ITT2001(1): SANJUKTA

A Mukhopadhyay
Technical Consultant, CALIBNET
Department of Scientific & Industrial Research
Regional Computer Centre, Jadavpur University Campus, Calcutta 700-032. INDIA
Internet: director@clib0.ernet.in

Describes the basic features of the library management software package SANJUKTA, created to support the requirements of the central databases of Calcutta Library Network called CALIBNET. It comprises storage and retrieval modules borrowed from MOD⁺. The modules have been revised and implemented in FoxPlus platform under Unix environment.

SANJUKTA, a bibliographic information storage and retrieval software, came into being in 1998 to support the requirements of the central databases of CALIBNET, a Government of India project, sponsored by the National Information System for Science & Technology (NISSAT). SANJUKTA has made it possible for CALIBNET to provide its user community with online access to its databases through modem connectivity, before its going to the Net.

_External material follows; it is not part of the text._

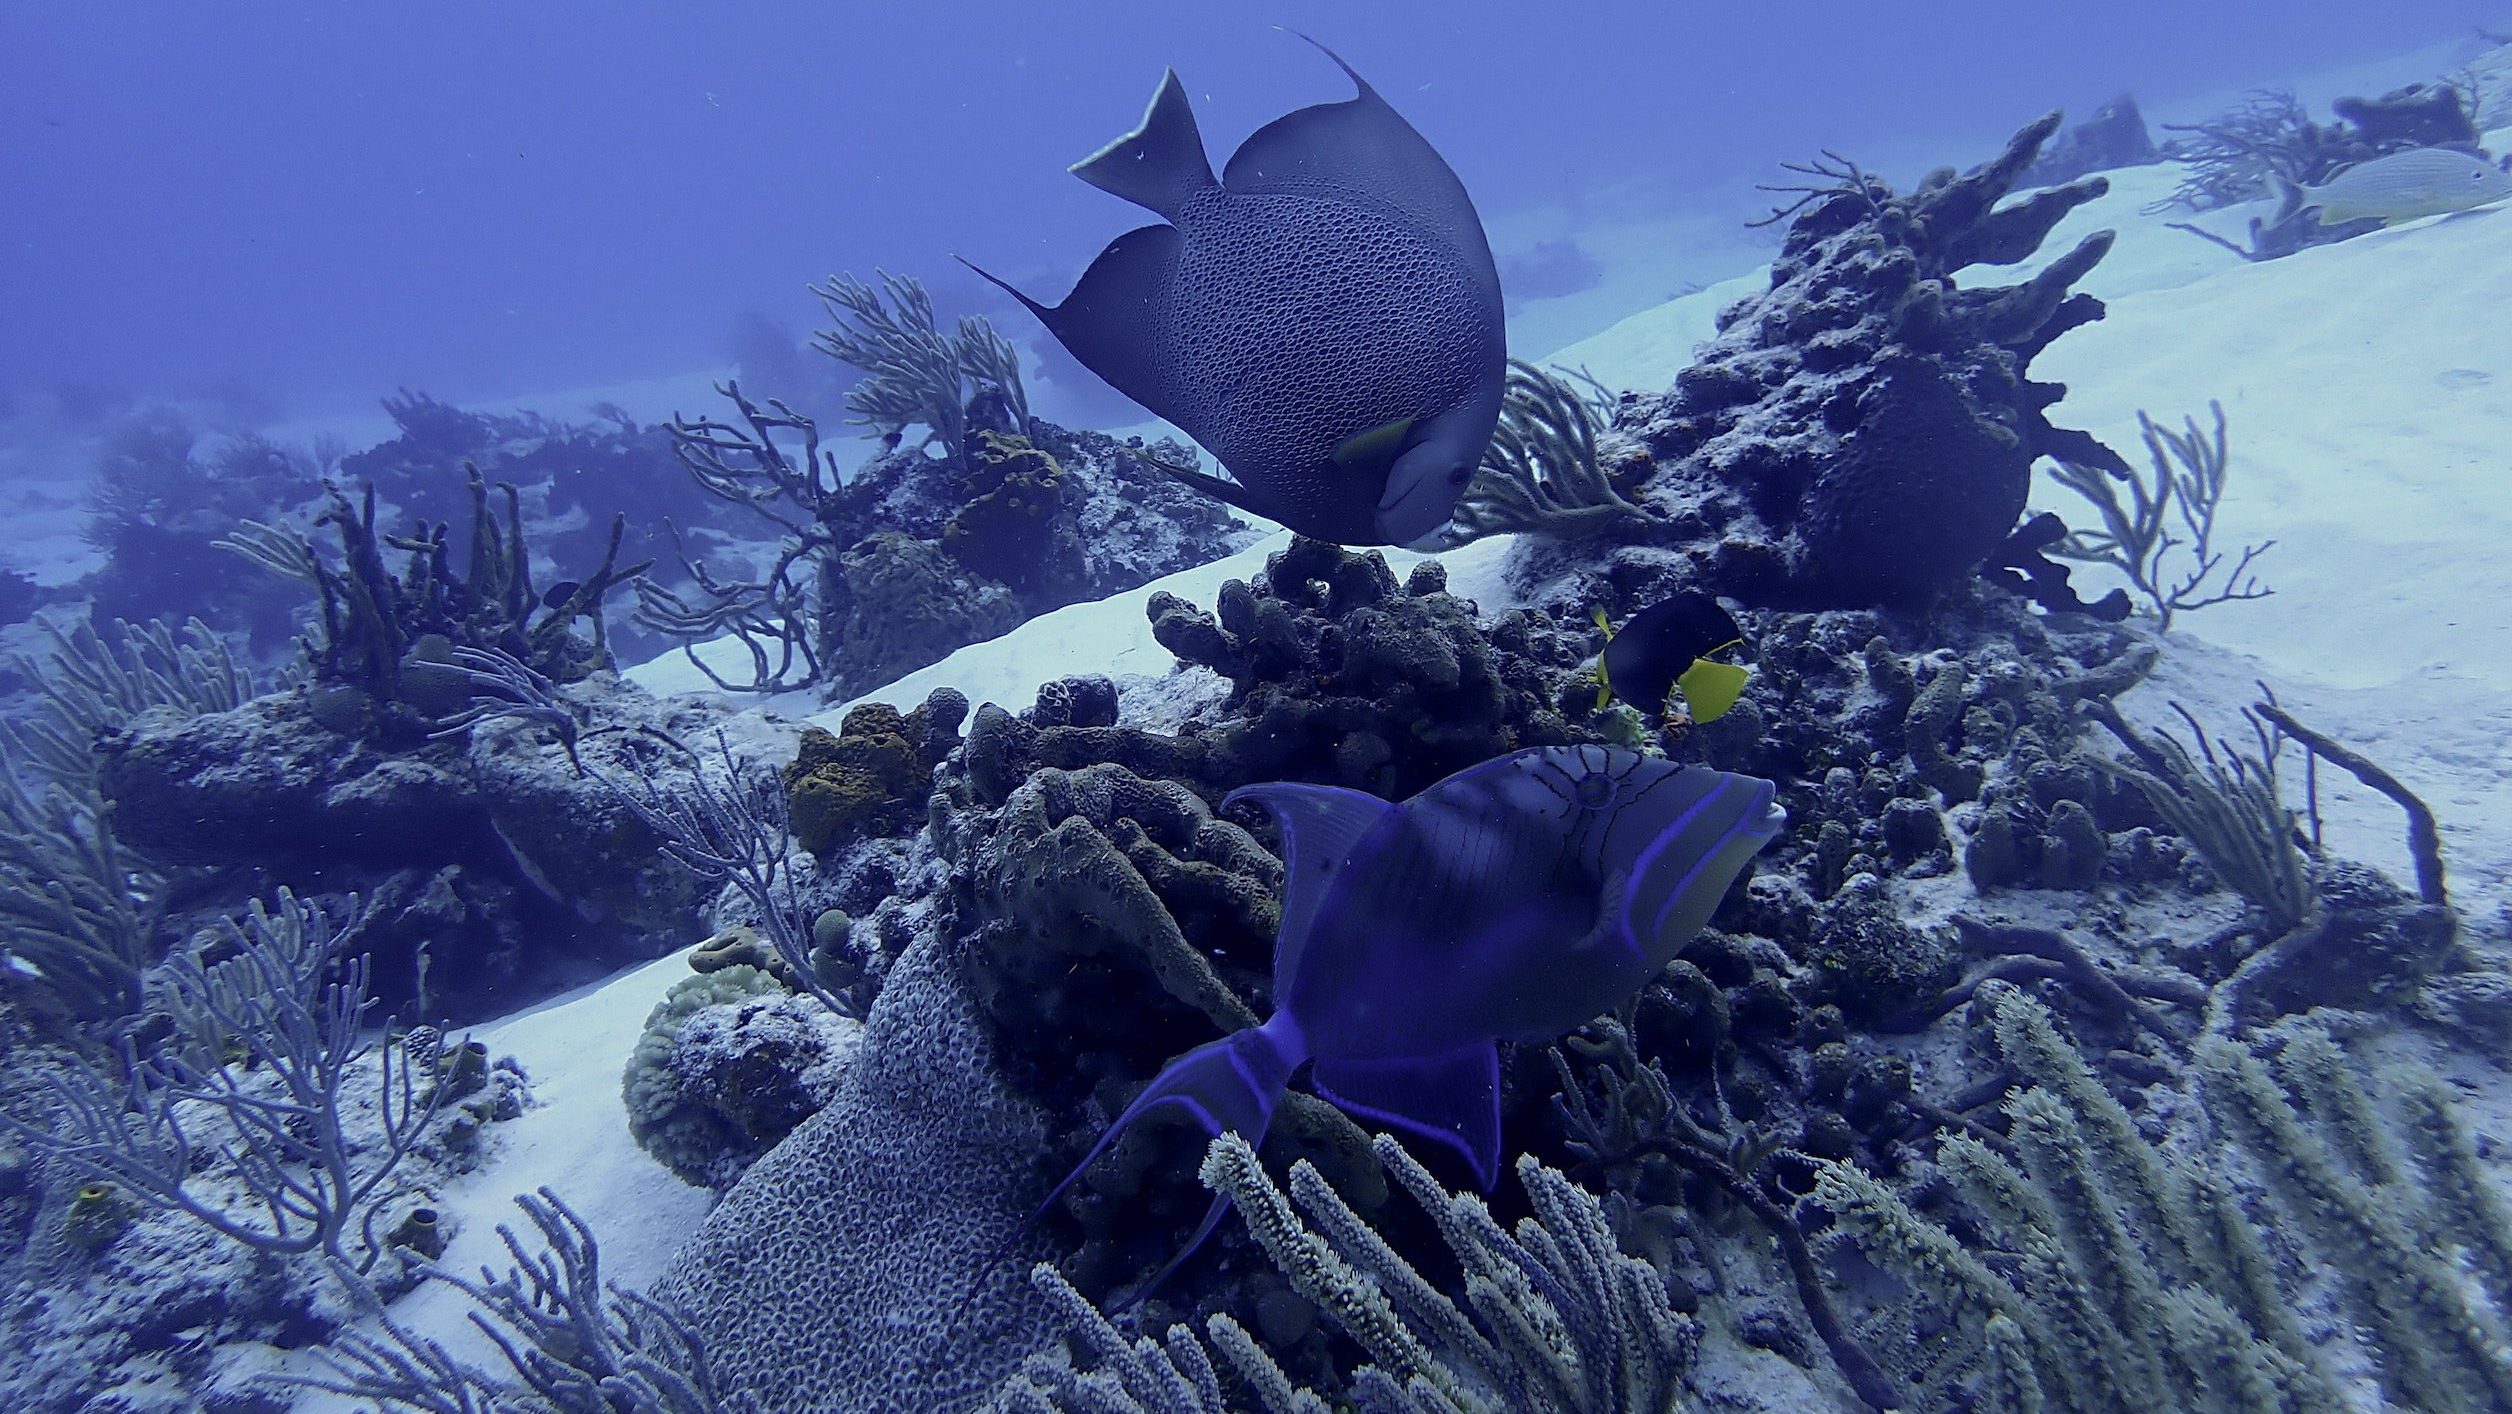 Underwater photo of triggerfish and angelfish on coral reef in Cozumel, Mexico.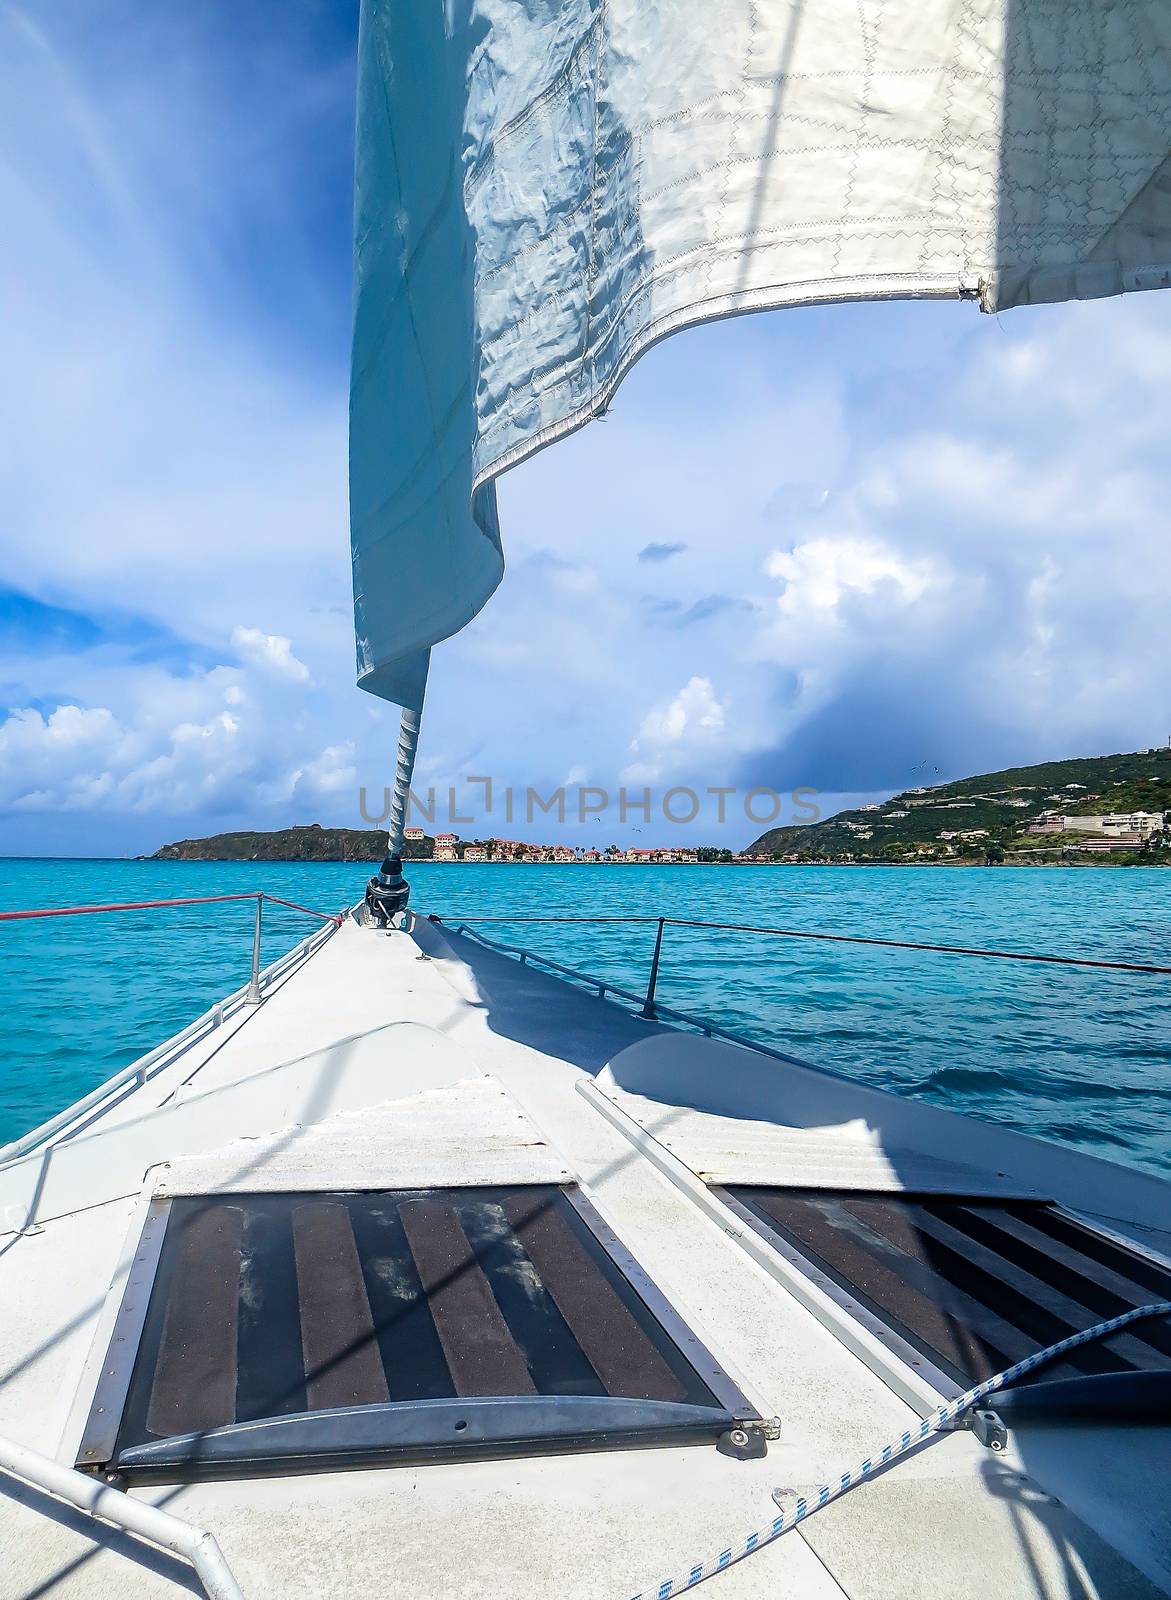 Sailing off the coast of St. Maarten in the Caribbean.

SANJUKTA is a special version of MOD+, a library management software, developed in 1993. The design of MOD+ was evolved through a process, initiated in 1989, of experimenting with the bibliographic data model using dBase3+ [1]. SANJUKTA, on the other hand, consists of the storage and retrieval modules borrowed from MOD+. The modules were revised and implemented in FoxPlus platform under Unix environment.

SANJUKTA supports storage, search & retrieval, and dissemination of bibliographic information. Since the centralized databases maintained in CALIBNET comprise records transferred from external sources, the software requires the capability of exporting records generated on varied systems in dissimilar bibliographic formats. SANJUKTA, backed by the conversion package, PARAPAR, is empowered to interchange USMARC, UNIMARC and CCF records as and when needed. It provides the end-users at remote stations with a user-friendly facility to search the central databases employing Boolean operators and techniques like truncation and field restriction. The users can supply their search terms, or preview the available search terms in alphabetical order in a window for cursor-selection. The search-hits may be displayed in variant formats, the default being AACR2. The other choices are : the labeled representation commonly used in OPAC, UNIMARC, or USMARC.

The database can be viewed as a network of interconnected records, allocated in multiple files, each holding records of one type. Two classes of record types are employed: Master Records and Data Records.

A Master record consists of an array of pointers to related data records. A database key, or the system- provided ID, of a Master Record serves as the control key used for accessing the record directly.

The Data records have no primary keys, and can only be accessed through association of a Master record. There are different types of Data records each having its own format. Data record types may be divided into two subclasses: single entry records and multiple entry records. Single entry records consist of one or more fixed-length data fields designed to hold one fixed-length single-occurrence bibliographic element. Multiple entry records consist of a single fixed-length data field designed to hold a segment of one variable-length and/or multi-occurrence bibliographic element.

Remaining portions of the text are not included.